The great AI gold rush was supposed to be unstoppable. Governments promised "innovation." Big Tech promised jobs, prosperity, and a dazzling technological future. Investors spoke as though gigantic AI data centres were as inevitable as roads or electricity grids. Yet across the world an increasingly angry public is pushing back, and for good reason.

What is emerging is not merely local "NIMBYism," as critics dismissively claim. It is the beginning of a worldwide political revolt against a new form of industrial colonisation carried out in the name of artificial intelligence. From rural America to Ireland, from small towns to outer suburbs, ordinary people are asking a simple question: why should communities sacrifice land, water, energy, quiet, and local autonomy so that a handful of trillion-dollar corporations can train ever larger AI systems?

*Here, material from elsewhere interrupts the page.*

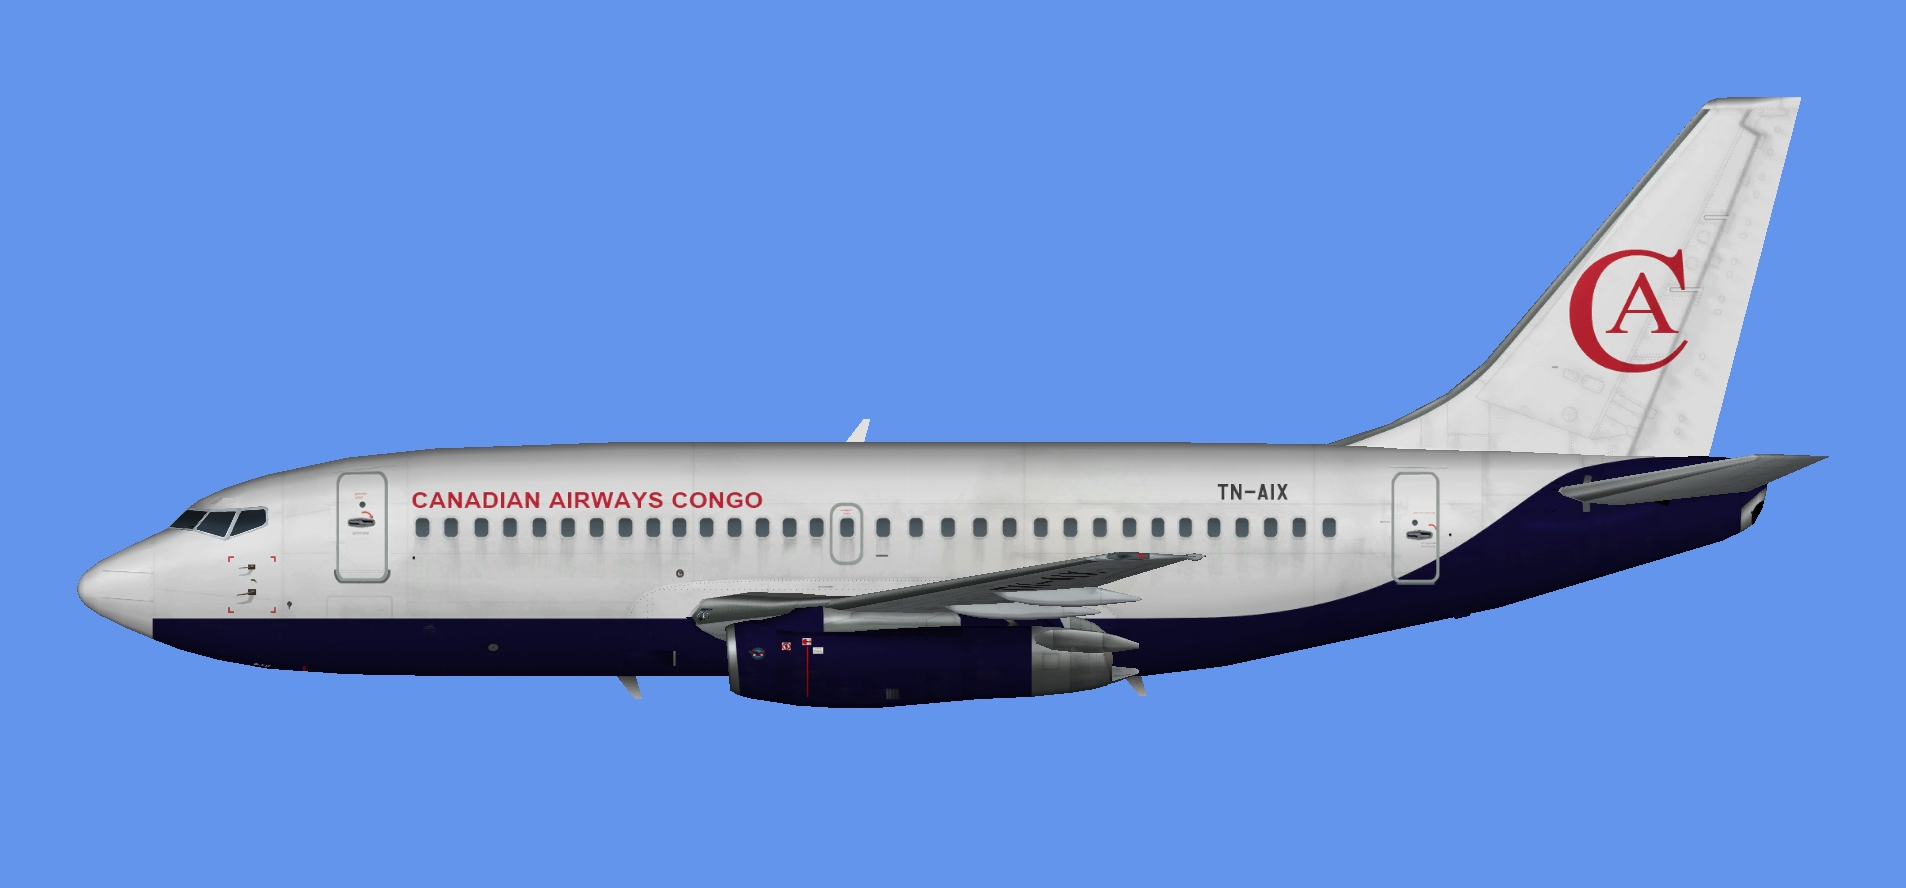 Canadian Airways Congo Boeing 737-200

The backlash is growing with astonishing speed. Journalist and energy analyst Robert Bryce has documented dozens of data centre rejections and restrictions across the United States and internationally, arguing that opposition is now spreading faster than many expected. The Spectator article on anti‑data‑centre activists similarly reports that broad coalitions are forming against projects tied to AI infrastructure, with more than 70 restrictions or rejections already recorded in the opening months of 2026.

What is remarkable is that resistance is coming from across the political spectrum. Environmentalists object to staggering electricity and water usage. Rural conservatives oppose the destruction of farmland and local character. Urban residents fear rising power prices, noise pollution, and pressure on infrastructure. Even many people who once embraced technology enthusiastically are beginning to ask whether society is receiving any proportional benefit in return.

The scale of these facilities explains much of the concern. Modern AI data centres are not modest office buildings filled with a few servers. Some consume as much electricity as entire cities. Massive cooling systems require huge water inputs. Transmission lines carve through rural landscapes. Backup generators create noise and emissions. Communities often receive relatively few long-term jobs in return because highly automated facilities do not employ large workforces once construction ends.

Polling suggests the public mood has shifted sharply. Recent surveys indicate that roughly 70 percent of Americans oppose building data centres near their homes, with opposition now reportedly exceeding that directed toward nuclear power plants. That is an extraordinary development. For decades nuclear reactors symbolised the ultimate "not in my backyard" infrastructure. Now AI server farms are becoming even less popular.

The public increasingly senses an imbalance of power. Companies such as Google, Microsoft, Amazon, and Meta possess immense financial and political influence. Communities facing these corporations often feel they are being steamrolled by alliances between governments, developers, and tech billionaires. In many cases residents only discover the true scale of projects late in the planning process.

Critics of the data centre boom argue that the benefits are increasingly abstract, while the costs are concrete and local. The profits flow upward into Silicon Valley balance sheets. The burdens remain with ordinary towns and regions. Electricity prices rise. Water resources tighten. Landscapes change permanently. Meanwhile citizens are told these sacrifices are necessary so that AI can generate more content, automate more jobs, and deepen the power of already dominant firms.

There is also a broader philosophical issue emerging beneath the environmental and economic arguments. Many people simply no longer trust Big Tech. The optimism that surrounded the internet in the 1990s and early 2000s has faded badly. Social media addiction, censorship controversies, surveillance capitalism, algorithmic manipulation, online radicalisation, and the erosion of privacy have damaged public faith in technological elites. AI now arrives carrying that baggage.

Some recent academic work has reinforced these concerns by arguing that Big Tech's growing dominance over AI research and deployment risks distorting public priorities and ethical safeguards. Other studies warn that concentrated AI infrastructure could place severe stress on regional electricity systems as computational demand explodes through the end of the decade.

The industry response has often been revealingly tone deaf. Critics are portrayed as backward, irrational, anti-progress, or anti-science. Yet communities resisting these projects are often making rational cost-benefit calculations. Why should a farming region surrender water security for an AI cluster serving distant corporate interests? Why should taxpayers subsidise electricity infrastructure for companies already worth trillions? Why should local residents absorb environmental costs so investors can speculate on the next technological bubble?

The deeper issue may be that citizens increasingly feel dispossessed in their own countries. Decisions affecting land use, energy systems, housing pressures, and infrastructure are repeatedly made from above by political and corporate elites insulated from the consequences. The revolt against AI data centres therefore reflects something larger than opposition to server buildings. It reflects a growing democratic anger against concentrated institutional power itself.

For years the rhetoric surrounding AI suggested inevitability. Resistance was treated as futile. But history repeatedly shows that technological expansion is not determined by engineers alone. Political legitimacy matters. Public consent matters. Communities matter. And once ordinary people conclude that "progress" is primarily benefiting distant oligarchies while degrading their own quality of life, backlash becomes unavoidable.

The world may still get its AI revolution. But increasingly, citizens are signalling that they do not intend to surrender quietly to a future designed entirely by Silicon Valley, and its Australian equivalents.